| Instructions for the task |
Could you retype every line below exactly, omitting the images?

§

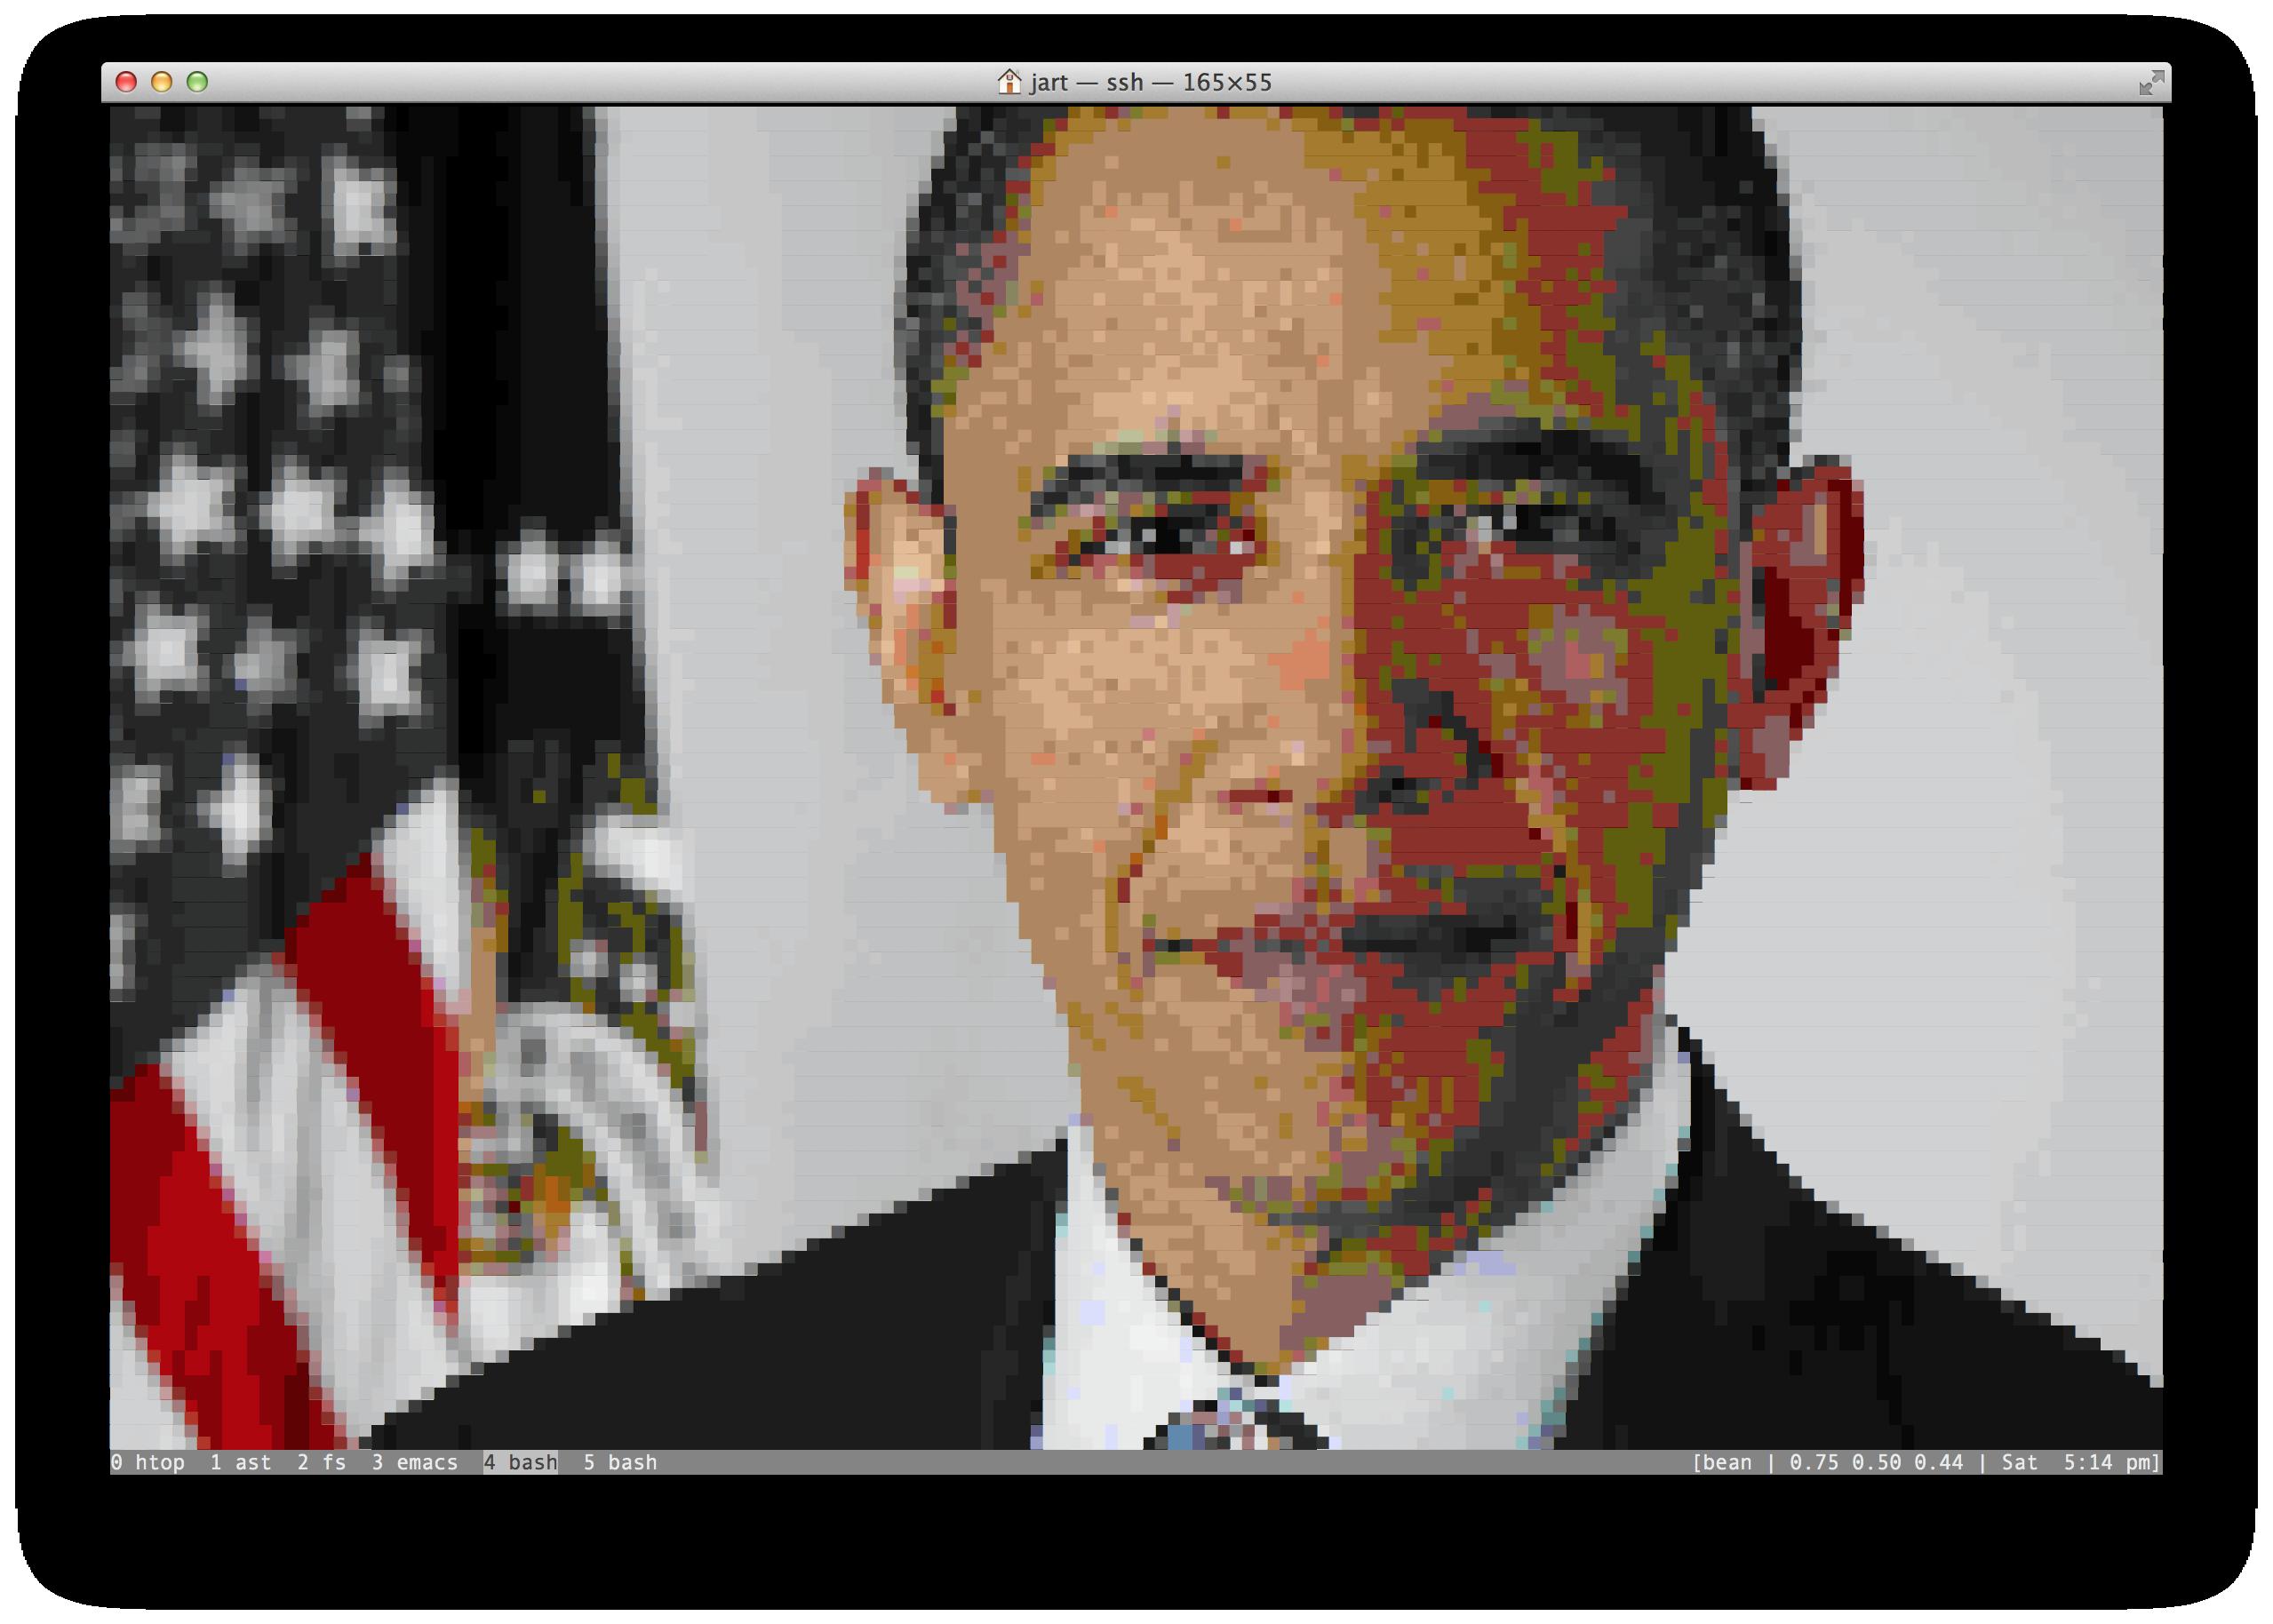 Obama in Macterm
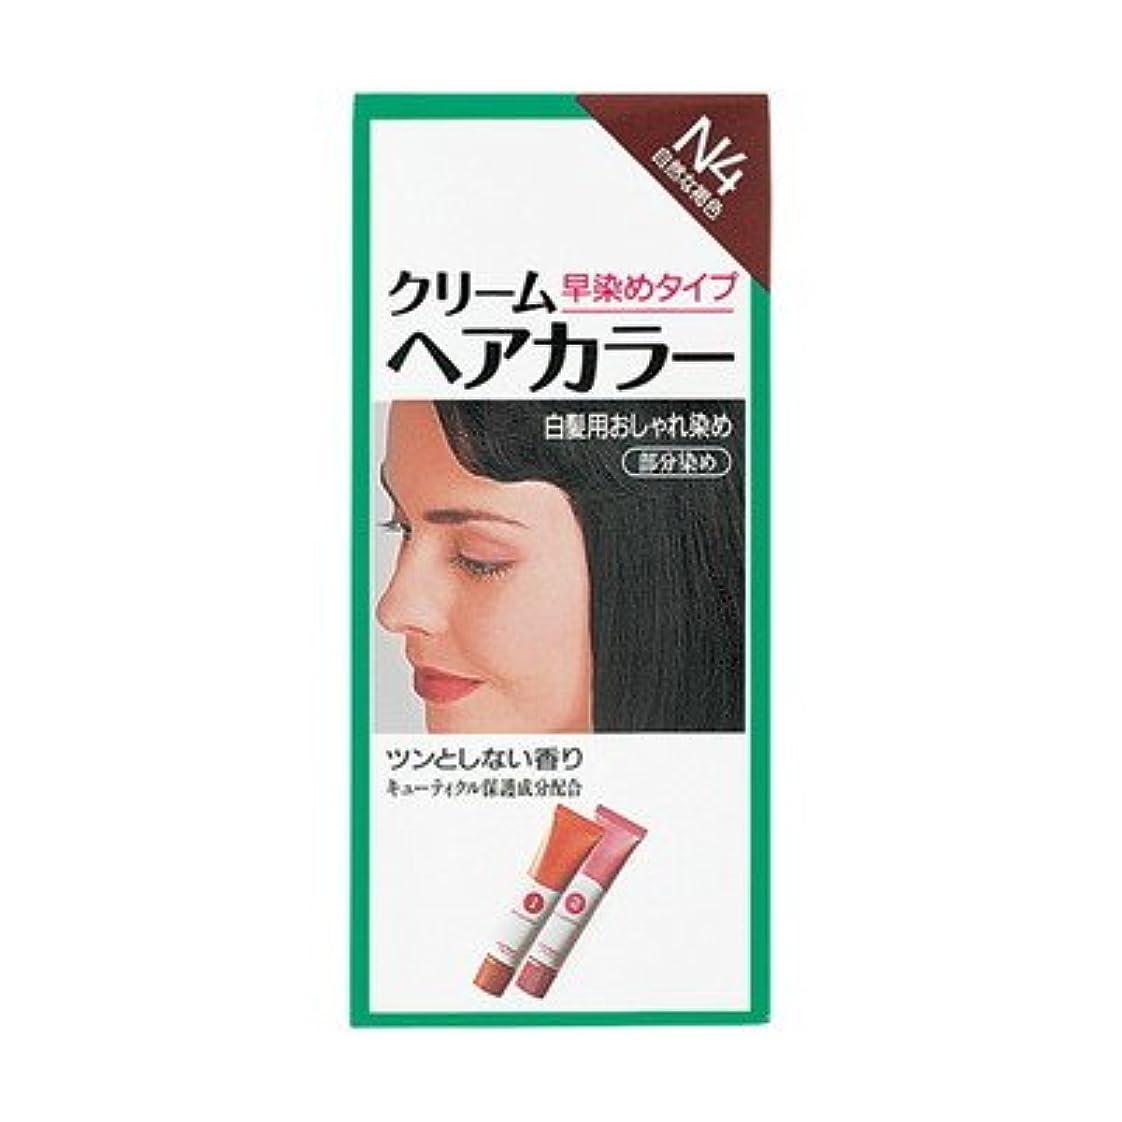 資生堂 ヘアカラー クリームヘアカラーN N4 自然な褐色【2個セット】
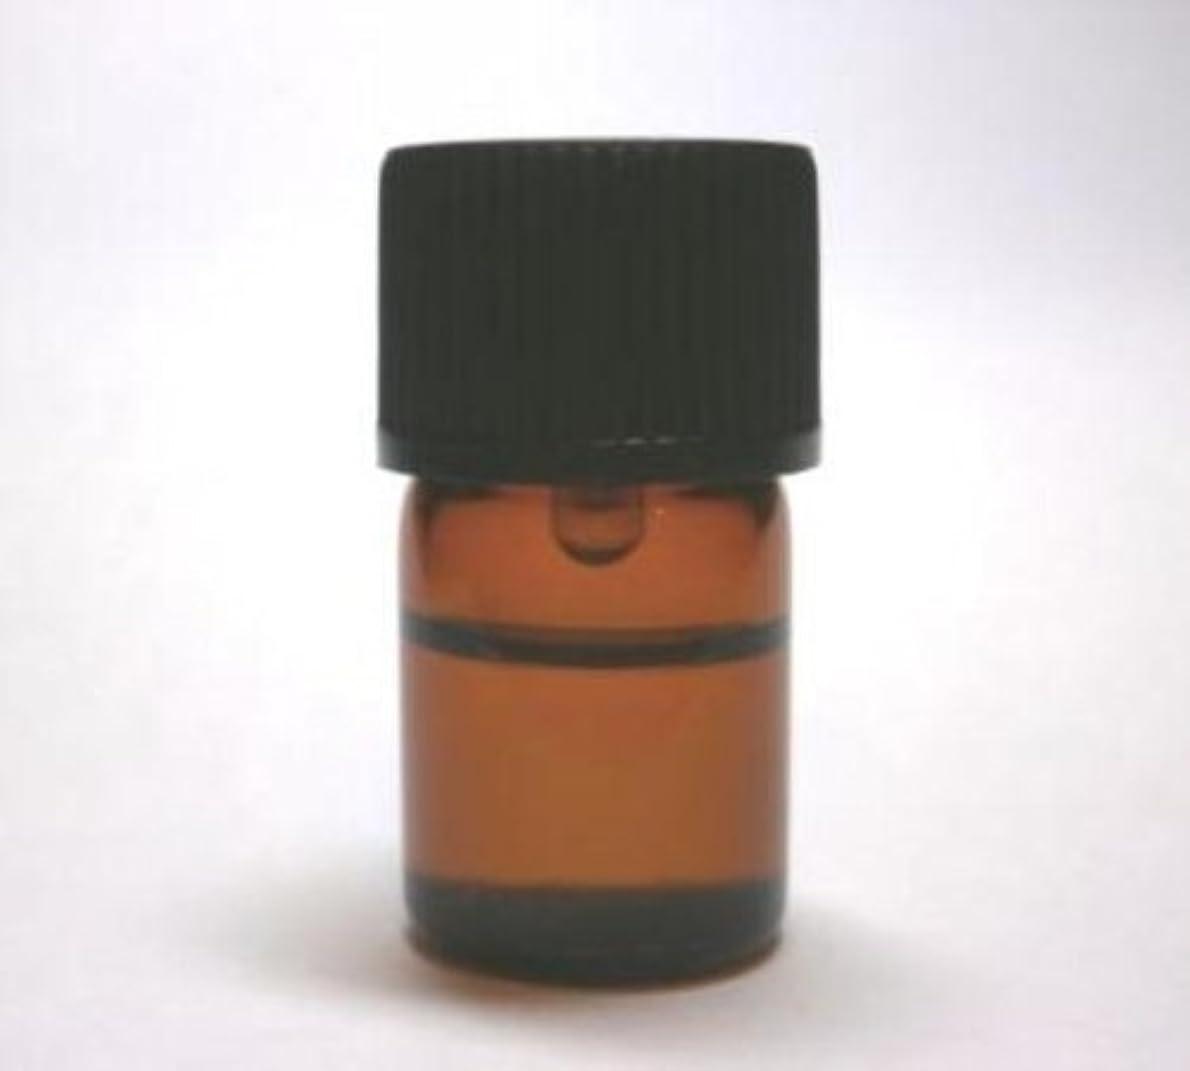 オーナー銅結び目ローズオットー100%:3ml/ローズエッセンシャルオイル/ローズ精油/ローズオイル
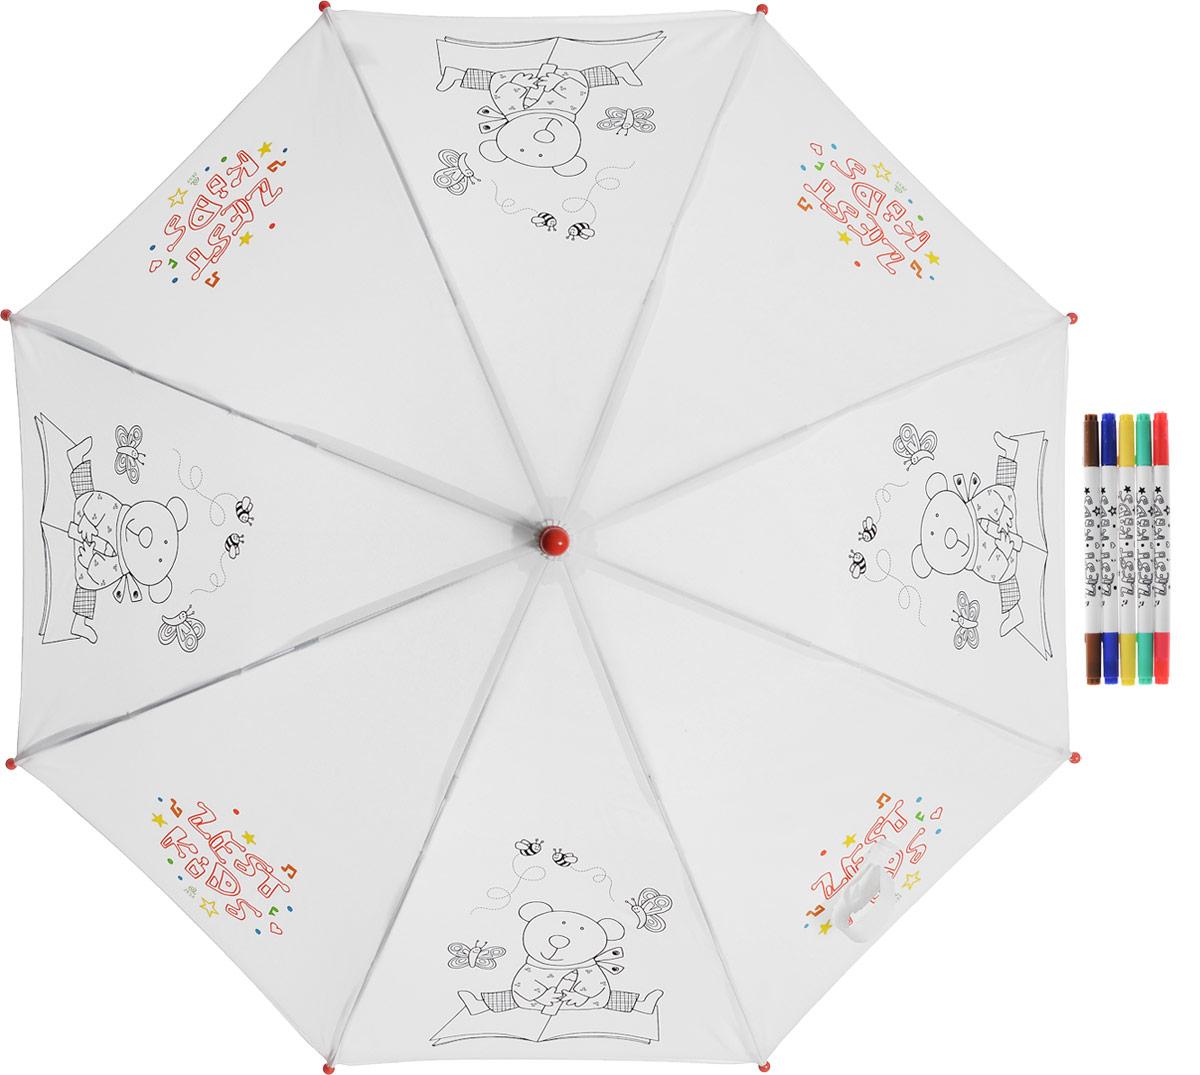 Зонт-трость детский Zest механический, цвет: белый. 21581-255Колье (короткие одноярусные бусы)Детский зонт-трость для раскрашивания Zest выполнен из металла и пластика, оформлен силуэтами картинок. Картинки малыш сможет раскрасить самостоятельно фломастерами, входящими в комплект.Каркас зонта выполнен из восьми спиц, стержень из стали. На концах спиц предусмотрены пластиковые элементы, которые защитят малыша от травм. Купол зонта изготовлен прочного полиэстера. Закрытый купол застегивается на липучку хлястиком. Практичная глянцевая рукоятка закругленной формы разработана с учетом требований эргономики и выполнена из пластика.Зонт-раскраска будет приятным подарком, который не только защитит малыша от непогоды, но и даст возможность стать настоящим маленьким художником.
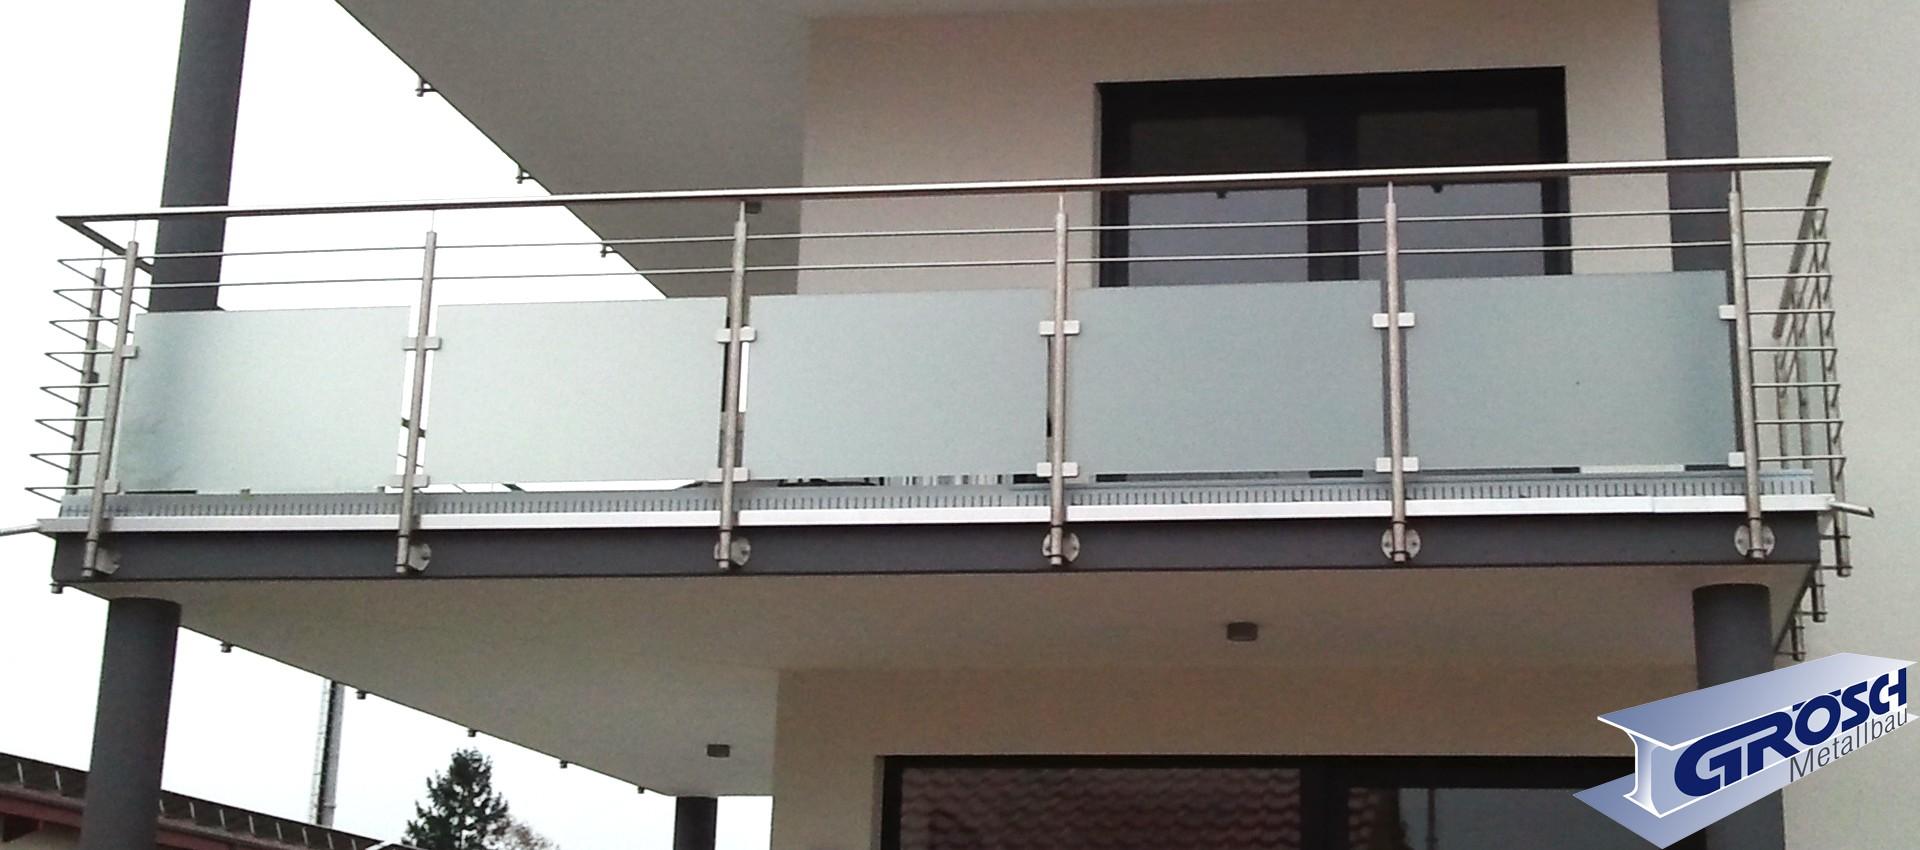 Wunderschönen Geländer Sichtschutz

§

| Reply to the exercise |
 Obama in Macterm
 資生堂 ヘアカラー クリームヘアカラーN N4 自然な褐色【2個セット】
 オーナー銅結び目ローズオットー100%:3ml/ローズエッセンシャルオイル/ローズ精油/ローズオイル
 Зонт-трость детский Zest механический, цвет: белый. 21581-255Колье (короткие одноярусные бусы)Детский зонт-трость для раскрашивания Zest выполнен из металла и пластика, оформлен силуэтами картинок. Картинки малыш сможет раскрасить самостоятельно фломастерами, входящими в комплект.Каркас зонта выполнен из восьми спиц, стержень из стали. На концах спиц предусмотрены пластиковые элементы, которые защитят малыша от травм. Купол зонта изготовлен прочного полиэстера. Закрытый купол застегивается на липучку хлястиком. Практичная глянцевая рукоятка закругленной формы разработана с учетом требований эргономики и выполнена из пластика.Зонт-раскраска будет приятным подарком, который не только защитит малыша от непогоды, но и даст возможность стать настоящим маленьким художником.
 Wunderschönen Geländer Sichtschutz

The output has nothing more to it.